Accès aux soins - La franchise sur l'aide médicale va être supprimée
Le long feuilleton de la réforme de l'aide médicale de l'Etat (voir nos articles ci-contre) se prépare à connaître un nouvel épisode. A l'occasion d'une table ronde consacrée à "La lutte contre l'exclusion", le 2 juillet 2012, Marisol Touraine a en effet annoncé la suppression prochaine de la franchise médicale de 30 euros instaurée l'an dernier dans le cadre de la réforme de l'AME. La ministre des Affaires sociales et de la Santé a précisé que cette mesure "fera l'objet d'un texte de loi qui sera présenté dans les prochains jours".
La franchise a elle-même été mise en place par la loi de finances pour 2011 du 29 décembre 2010. Celle-ci prévoit que l'accès à l'AME est conditionné par le versement d'un "droit annuel" de 30 euros par bénéficiaire majeur. L'apport financier de cette mesure devait être très limité (environ 6 millions d'euros, à comparer aux près de 600 millions de dépenses annuelles), mais le gouvernement de François Fillon en attendait à la fois un effet dissuasif et de responsabilisation (sur le modèle du ticket modérateur d'ordre public).

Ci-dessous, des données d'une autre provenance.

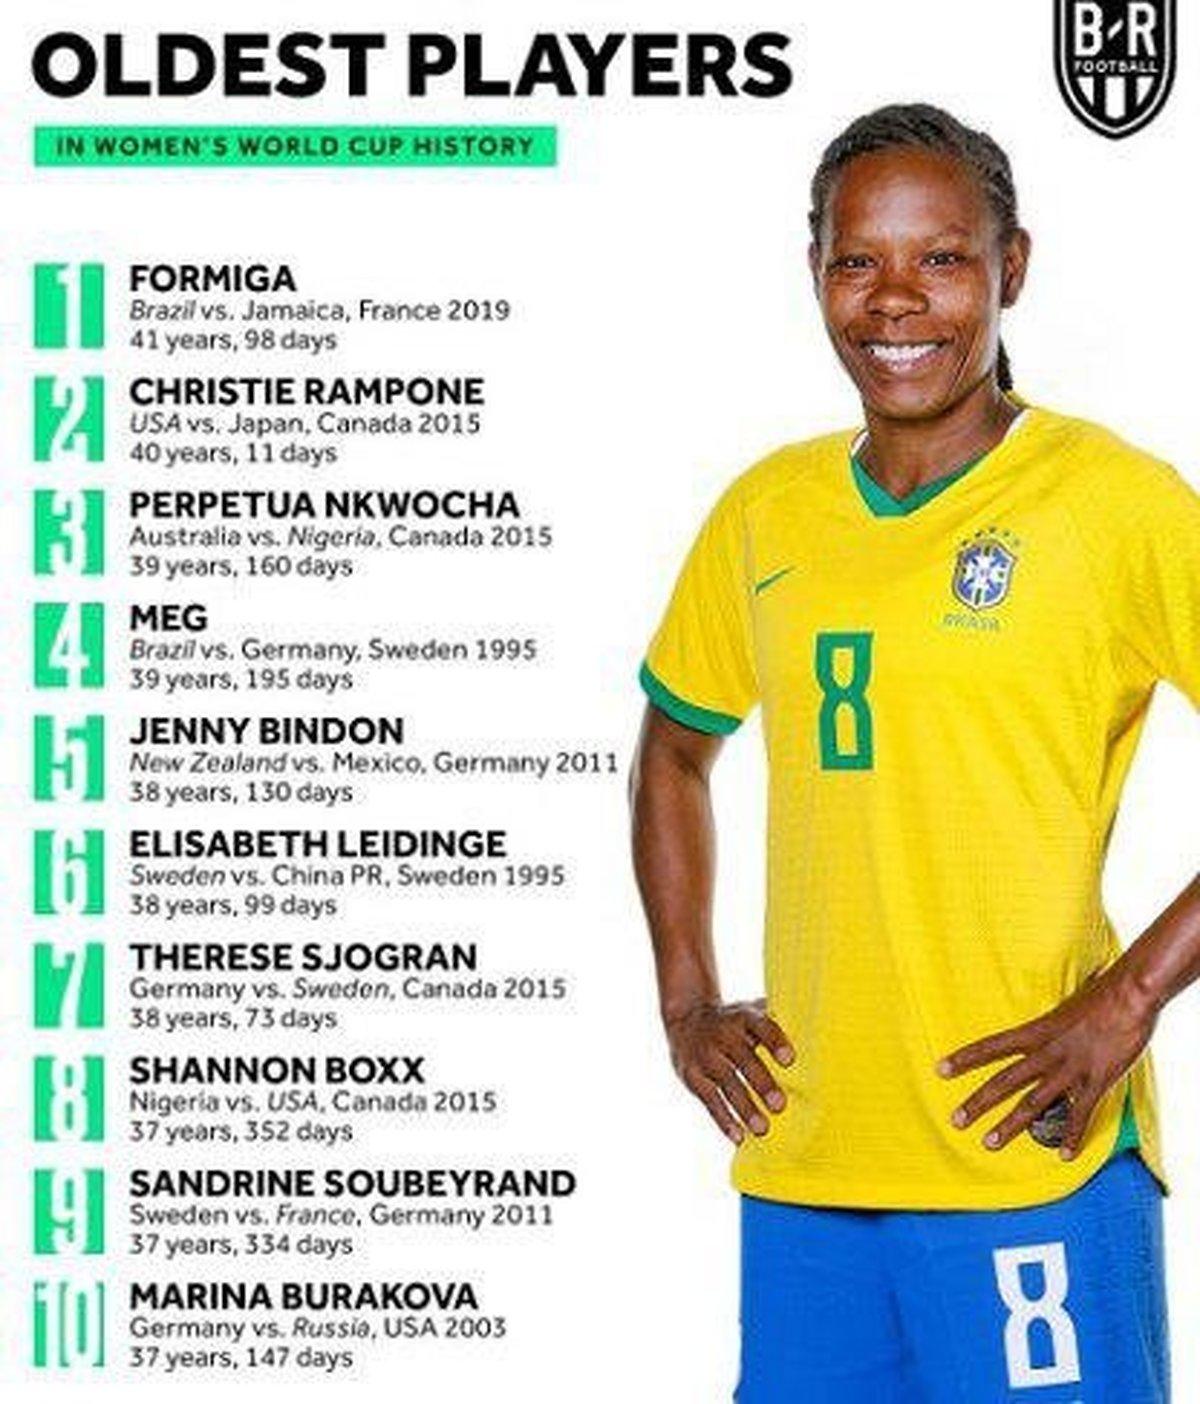 مسنترین بازیکن جام جهانی زنان را ببینید

L'annonce faite par Marisol Touraine n'est pas une surprise, car la mesure figurait dans le programme présidentiel de François Hollande. La gauche s'était d'ailleurs vivement opposée à l'instauration du droit annuel de 30 euros, rejointe en cela par les inspections générales des affaires sociales (Igas) et des finances (IGF) qui, dans leur rapport sur le sujet, "ne [recommandaient] pas la mise en oeuvre d'un droit d'entrée pour l'AME" ou suggéraient, à tout le moins, la réalisation d'une étude d'impact (voir notre article ci-contre du 6 janvier 2011). En outre, le dispositif du "droit annuel" ne semble pas d'une grande efficacité au regard de ses objectifs initiaux.

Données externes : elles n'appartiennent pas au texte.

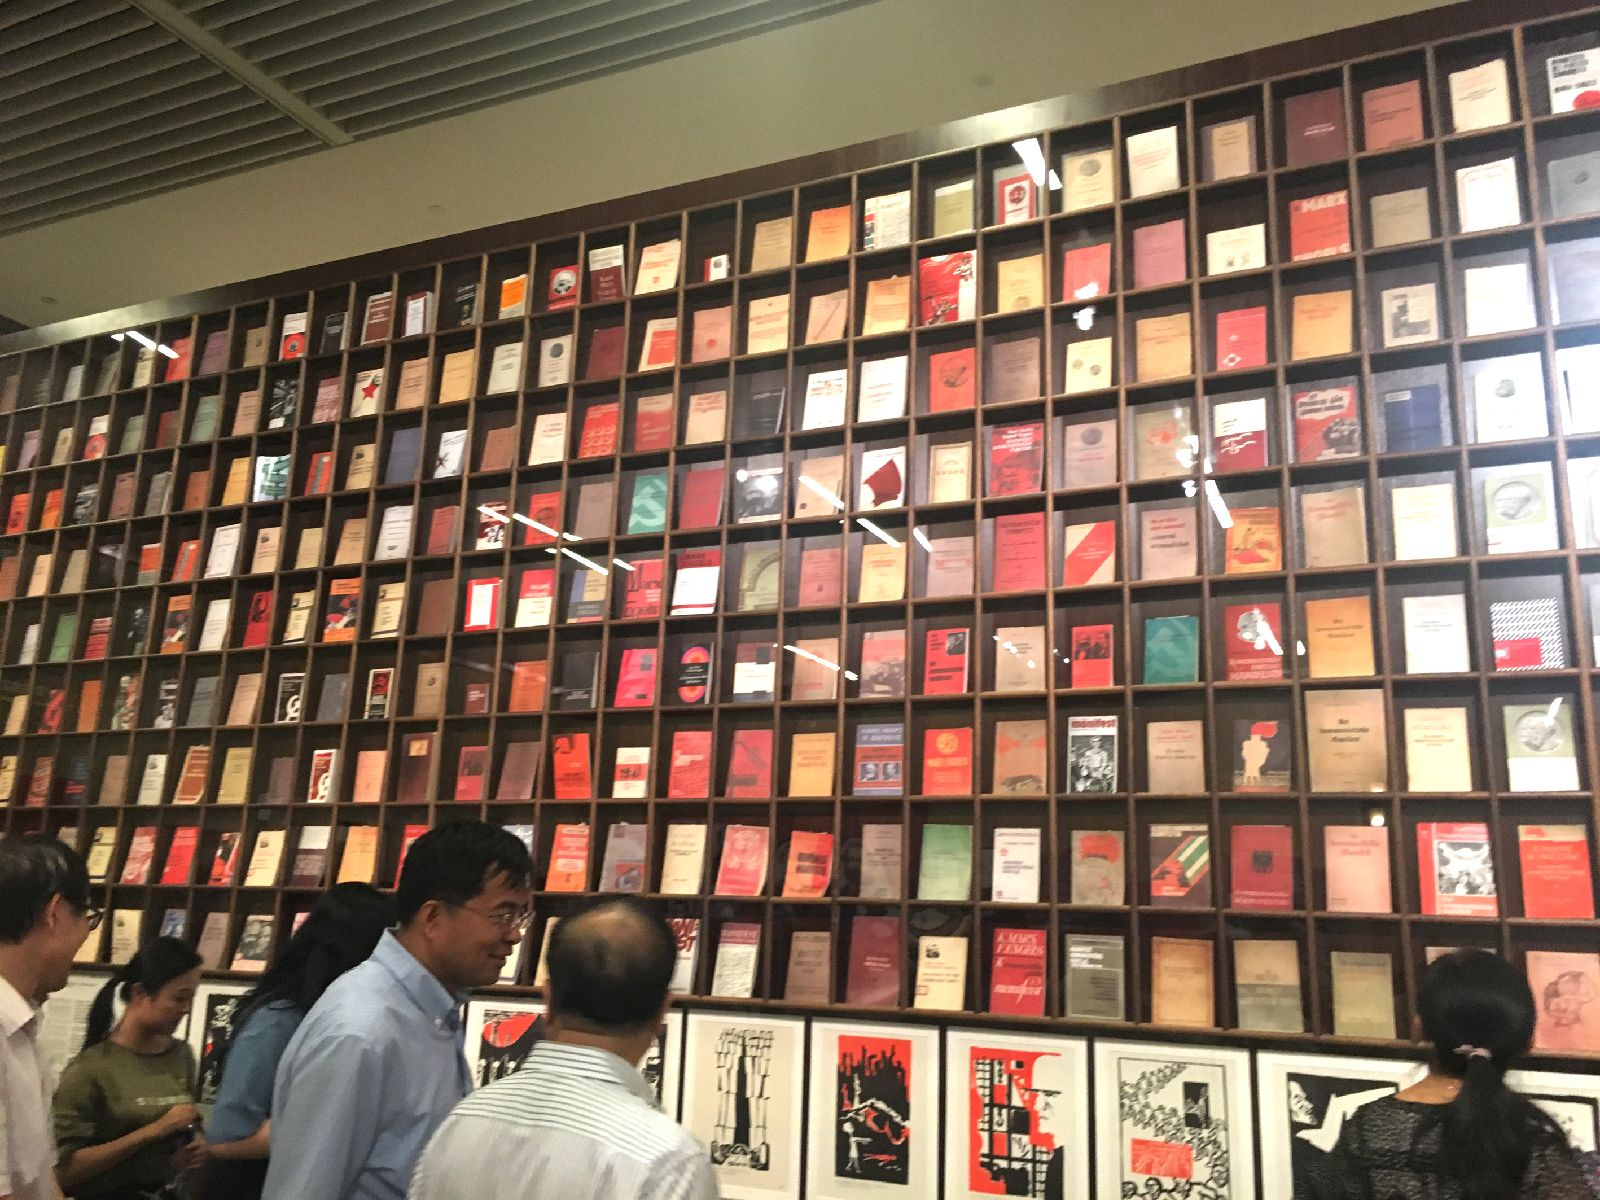 马克思主义经典著作和中国马克思主义研究图书墙,孔敬摄影

Mais la décision de le supprimer laisse entières deux autres questions. La première concerne le sort des autres composantes de la réforme de l'AME. Seront-elle conservées ? Ceci vise aussi bien les autres dispositions figurant dans la loi de finances pour 2011 - comme l'accord préalable pour les soins hospitaliers lourds - que celles issues de la loi du 16 juin 2011 relative à l'immigration, à l'intégration et à la nationalité (et notamment la question de la disponibilité ou non d'un traitement similaire dans le pays d'origine). Le projet de loi évoqué par la ministre devrait apporter les précisions nécessaires sur ce point.
Le seconde question concerne l'évolution des dépenses d'AME, qui est à l'origine des différentes réformes de ce dispositif mis en place en 2000. Le problème ne vient pourtant pas véritablement du montant de ces dépenses : selon le rapporteur des crédits de la mission Santé au Sénat pour le budget 2011, "l'augmentation des dépenses liées à l'AME au cours des huit dernières années, soit 43%, [n'est] pas disproportionnée par rapport à celle de l'objectif national des dépenses d'assurance maladie (Ondam), de 35%, d'autant que l'état de santé moyen des titulaires de l'AME est vraisemblablement moindre que celui de la population générale". En revanche, le montant de ces dépenses a été systématiquement sous-évalué dans les lois de finances initiales. Dans un contexte de forte contrainte budgétaire, il sera donc intéressant de connaître le montant inscrit à ce titre par le gouvernement dans le projet de loi de finances rectificative pour 2012 et de loi de finances pour 2013.